Die gescheiterte Kanzlerkandidatin Annalena Baerbock zielte lieber auf das Auswärtige Amt – und auf sich als erste Aussenministerin. In dieser Rolle ist sie nun zwar jeden Tag in den TV-Nachrichten zu sehen, realen Einfluss hat sie aber nur sehr wenig. Die Grüne möchte die Menschenrechte und den Feminismus ins Zentrum der deutschen Aussenpolitik stellen und autokratischen Regimes wie China, Russland oder der Türkei härter entgegentreten.

Sie ist viel zu sehen, hat aber wenig zu sagen: Die grüne deutsche Aussenministerin Annalena Baerbock beriet letzte Woche in Washington mit ihrem amerikanischen Amtskollegen über die Ukraine-Krise.

Baerbock kollidiert damit aber mit dem neuen Kanzler Olaf Scholz, der Merkels handelsorientierte «Realpolitik» im Wesentlichen fortführen will und diese Absicht in Peking und Moskau offenbar bereits hinterlegt hat. Als Vizekanzler der letzten Regierung hat der Sozialdemokrat zudem mit CDU/CSU kurz vor Schluss noch umstrittene Rüstungsexporte in Milliardenhöhe durchgewinkt – zum grossen Ärger der Grünen. Rhetorisch verteidigt Baerbock die von Scholz festgelegte vorsichtige Linie derzeit noch tapfer, aber in den eigenen Reihen wird sie dafür bereits vernehmbar kritisiert.

Auch in der Frage, ob der Sozialdemokrat Frank-Walter Steinmeier nochmals fünf Jahre als Bundespräsident wirken solle, mussten die Grünen zuletzt zerknirscht einlenken. Eigentlich hatten sie sich eine grüne Frau als Gegenkandidatin gewünscht, mussten aber einsehen, dass sie gegen SPD und FDP keine Mehrheit zustande bringen würden.
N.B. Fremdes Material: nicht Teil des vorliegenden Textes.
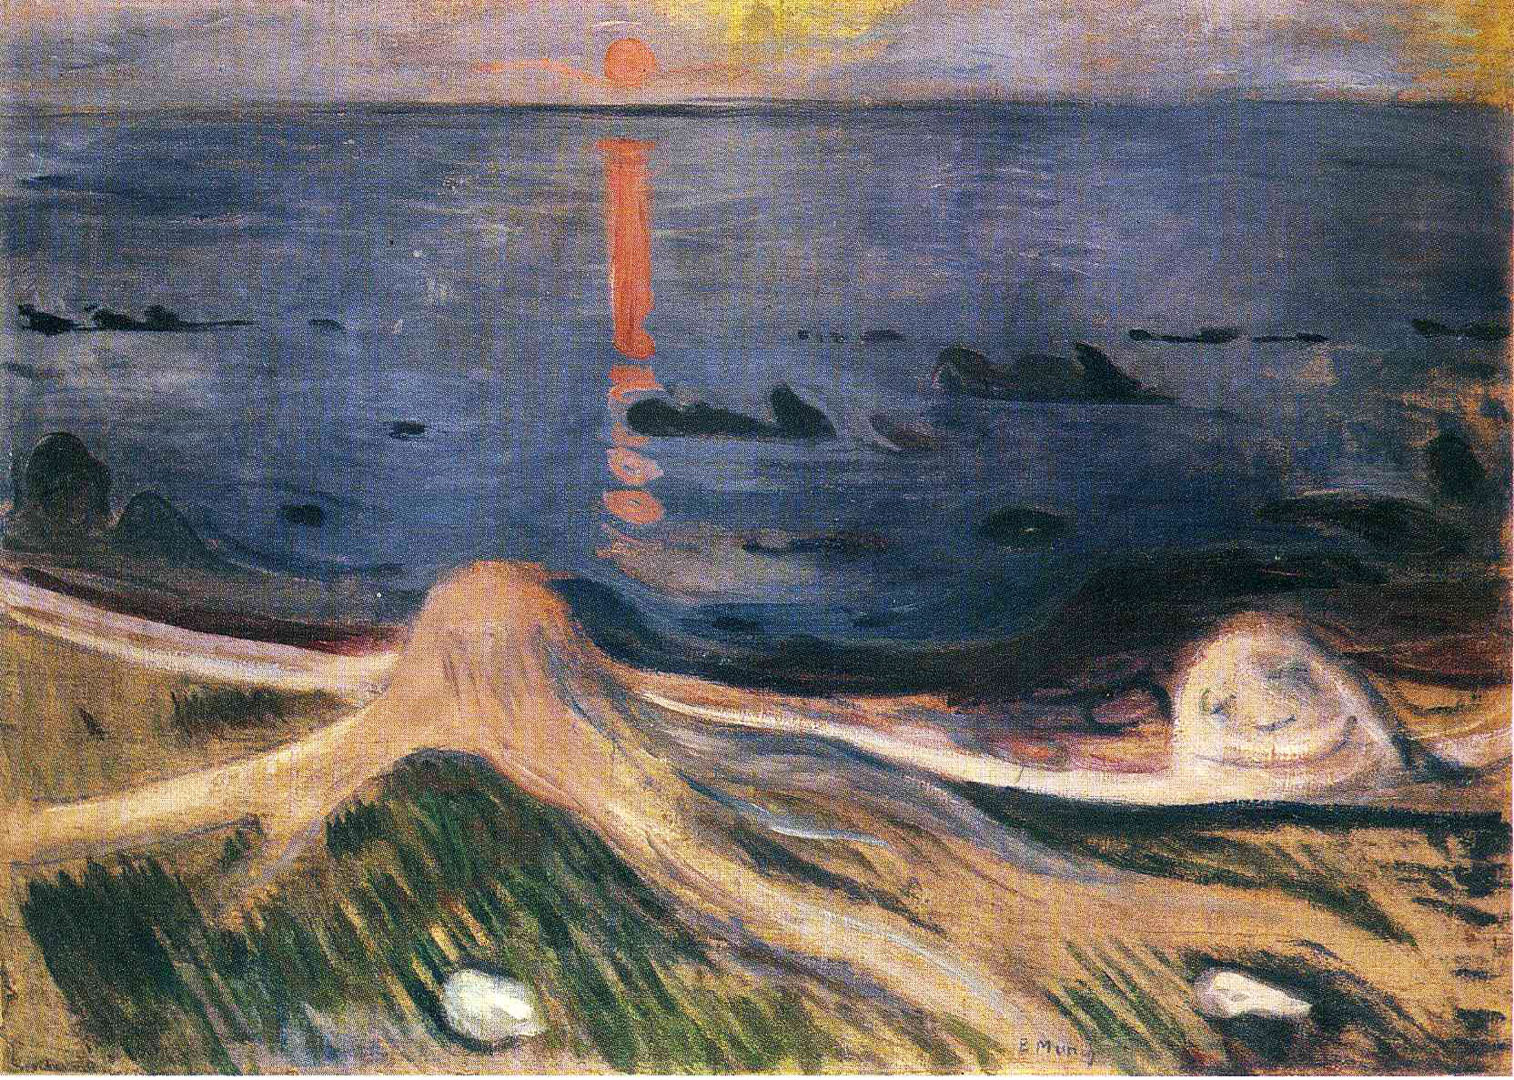 Mystery Of A Summer Night - Edvard Munch The Mystery Of A Summer Night - HD Wallpaper

Und beim wichtigsten grünen Regierungsprojekt, der Energiewende, musste Robert Habeck, der neue «Superminister» für Wirtschaft und Klima, am Dienstag einräumen, dass schnelle Erfolge nicht in Sicht seien. Man starte mit so viel Rückstand, dass man die noch von der letzten Regierung gesetzten ambitionierten Klimaziele voraussichtlich weder in diesem noch im nächsten Jahr erreichen werde. «Die Aufgabe ist gross, ja gigantisch», bilanzierte Habeck. In den Ohren der bereits jetzt enttäuschten Grünen und ihrer Wählerinnen und Wähler klang es wie eine erneute Gewinnwarnung.